A would-be still life dithers between photorealistic and graphic qualities, committed to both and neither. The contemporary artist works from a palette of the signs and symbols, just as wide-ranging and nuanced as paint. The emblems lend themselves to action: whether compounding, layering, frying. Their poetic sensibilities are exploited and fraught with artistic imagination, opening onto new (yet still) maker-ly forms.

A marble tromp l’oeil wrapping a ledge sneaks into view. This is no marble from which the Greats sculpted myths, but a skilled confounding of surface and artifice. Dare I say more akin to the vinyl-clad tables in a builder's cafe – a beg to question material illusions! In similar simulation, a Mesoamerican obsidian mirror emulates and evokes a darkened phone screen. Teasing, thick plastic lashes invite a closer look. These visual and material cues are magick windows, through which the ordinary is warped. The pillow where our heads rest is wrought with strain – whether for wet dream or waiting tooth – it appears to us now as a slab of jesmonite, impressed upon by an invisible belt.

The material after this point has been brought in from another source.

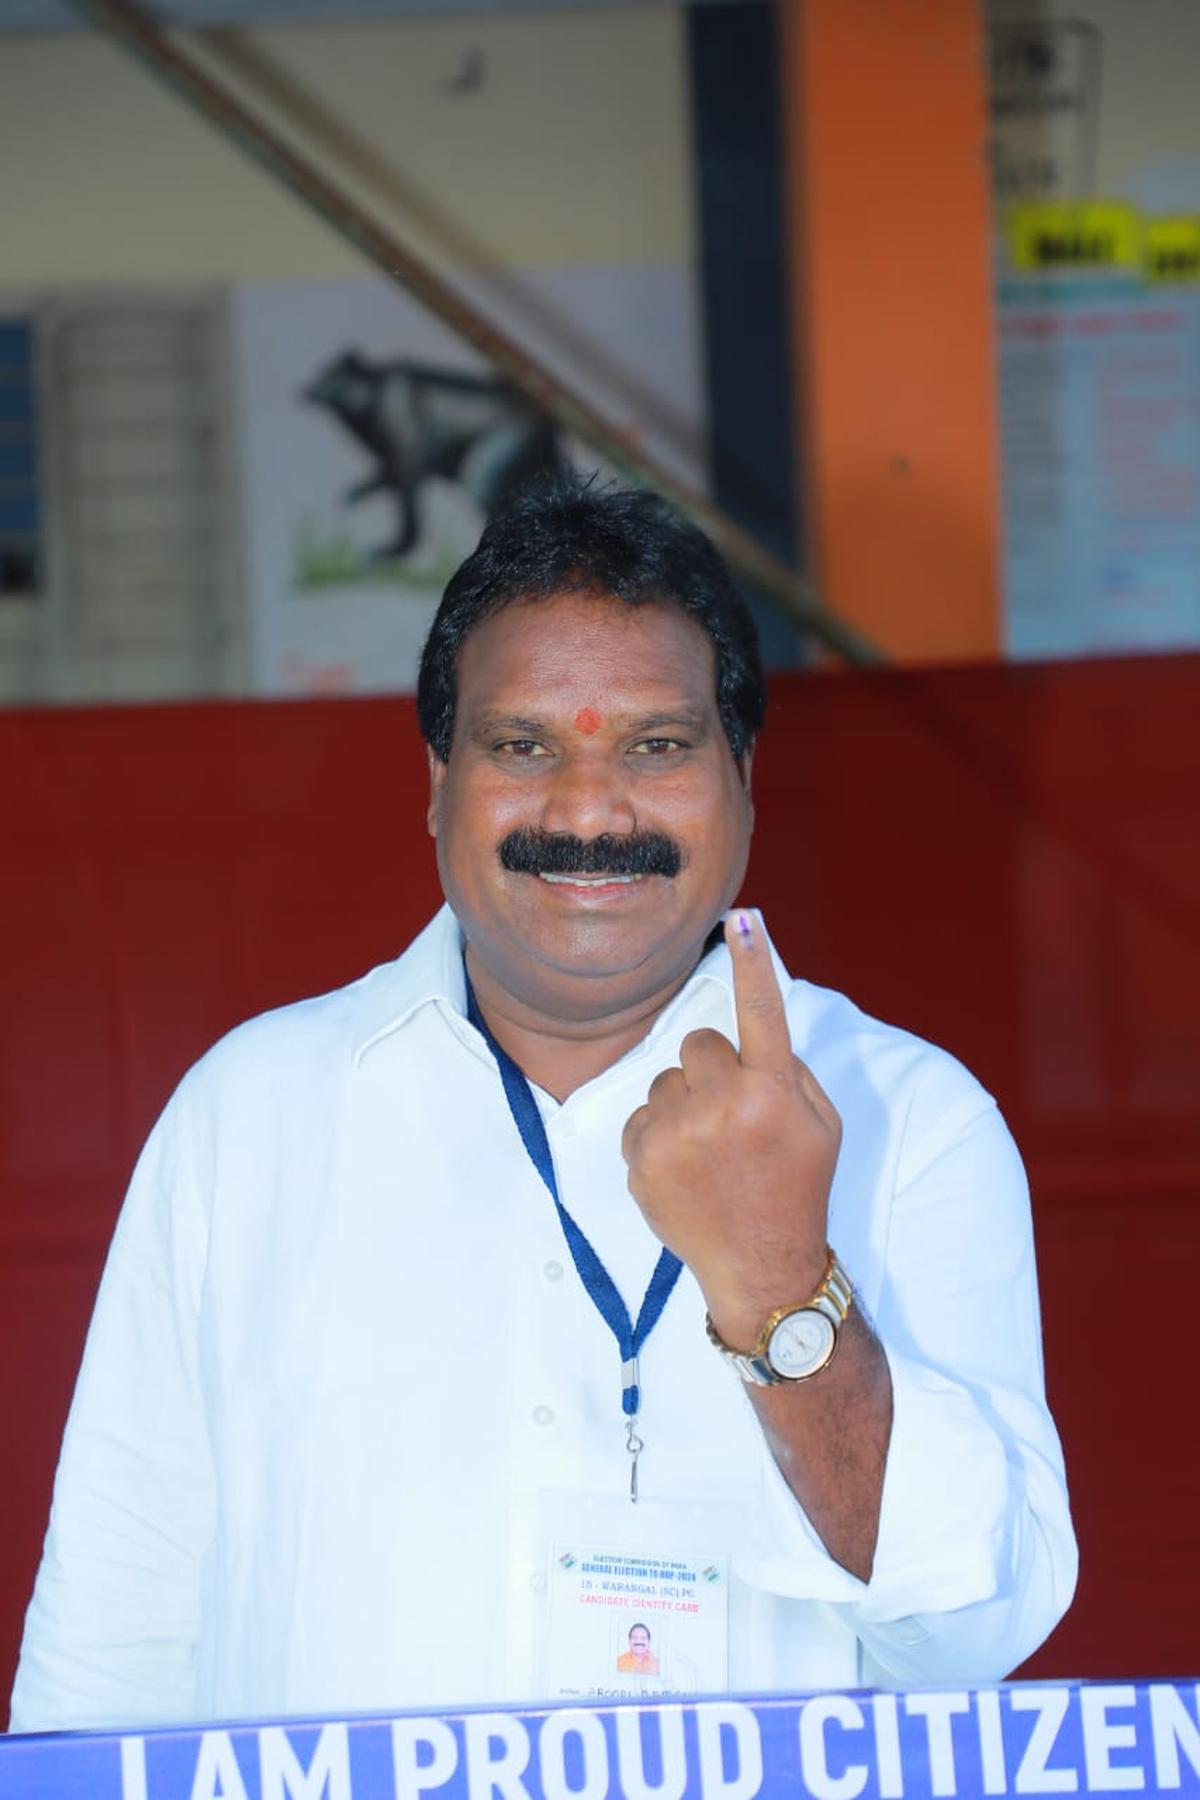 Aroori Ramesh, the BJP candidate from Warangal Parliamentary constituency, casts his vote at polling booth number 175 of Bishop Beretta School in Fathima Nagar in Hanamkonda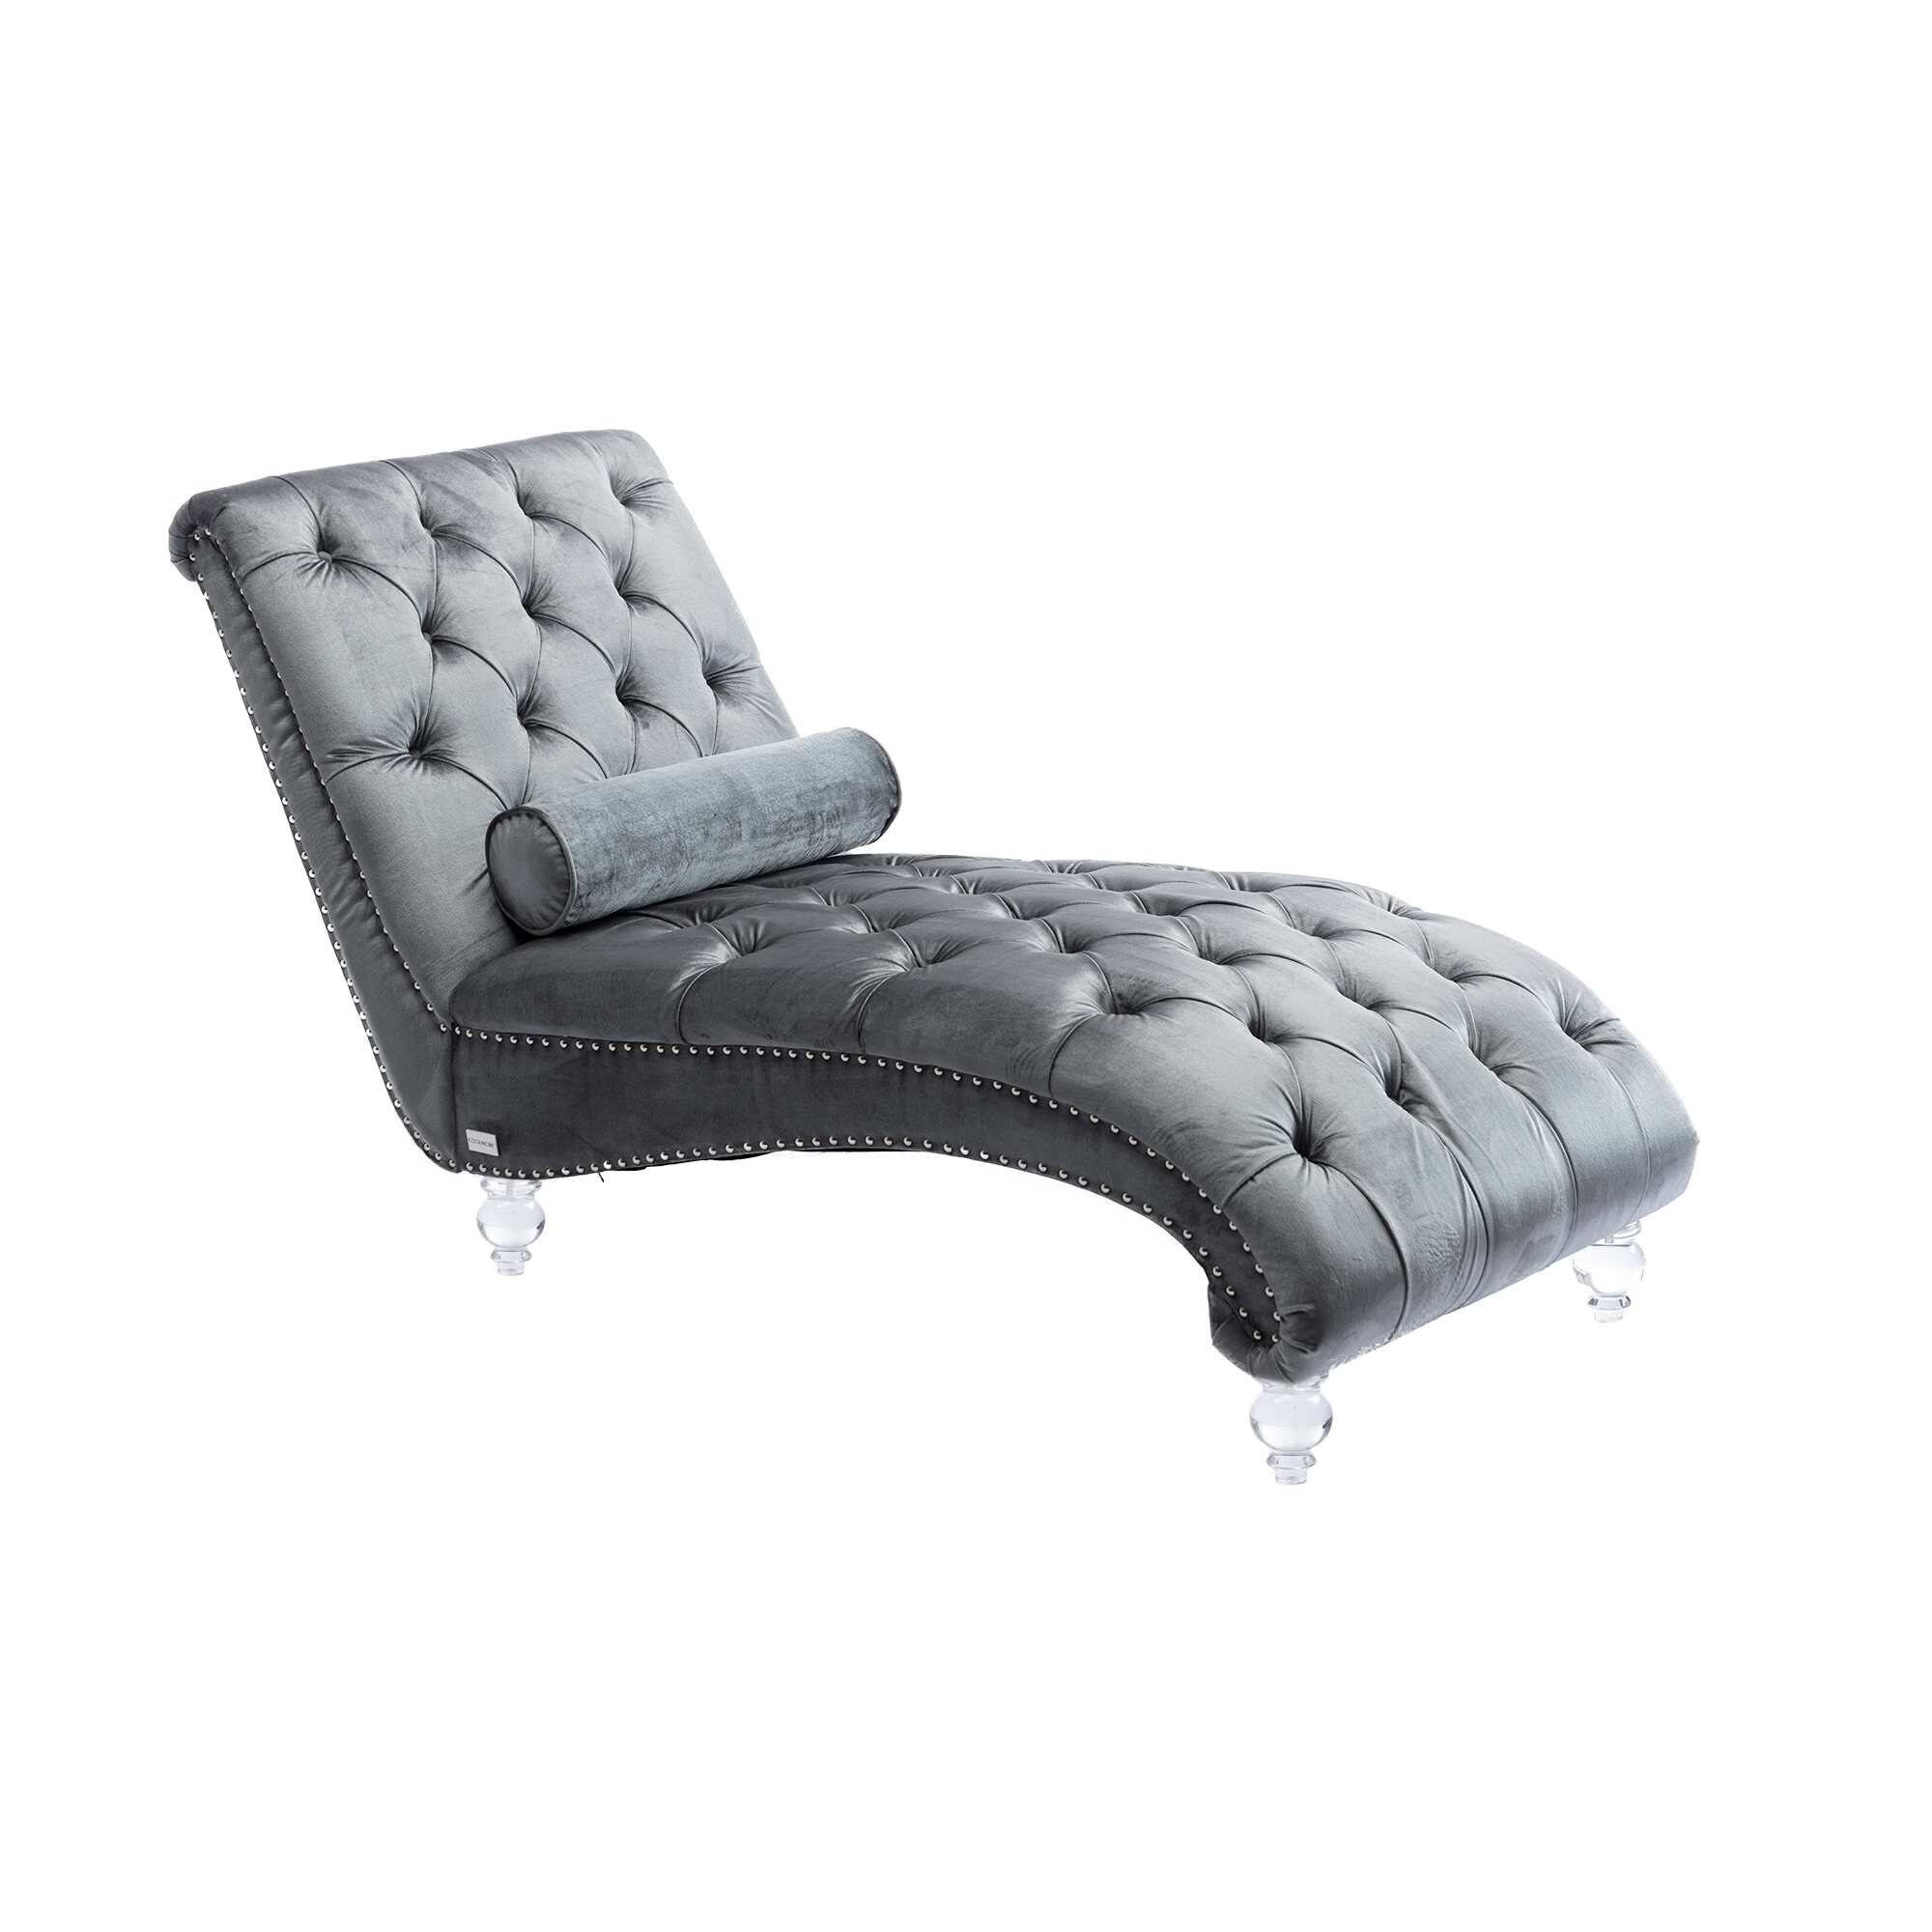 Modern Luxury Style Leisure Concubine Sofa with Solid Acrylic Feet, Comfortable Sleeper Chair for Adults

I warn you of the readiness of transformation present in all objects. This is a fact we are well adjusted to – call to mind the production of goods we all consume, of which art is but one. An orange lifebuoy begins its life in the same plastic as toys. Just as dollar bills are really made of cotton, the same cotton of clothes found in the streets, in the streets made of ready-mix concrete. The (genealogical) truth is that everything holds the potential for change. And instead of living among us as domestic device or design, the objects in this room have been reworked again: now housed in new ficto-realities, materialities and temporalities. Time Apart, time intertwined, time stilled.

Is the artwork an object’s endgame? Who are our future archaeologists, and how will they interpret the strange stories of our time? So “paint me a picture of life as I know it”! I point to the display of two candles, never quite ready to burn.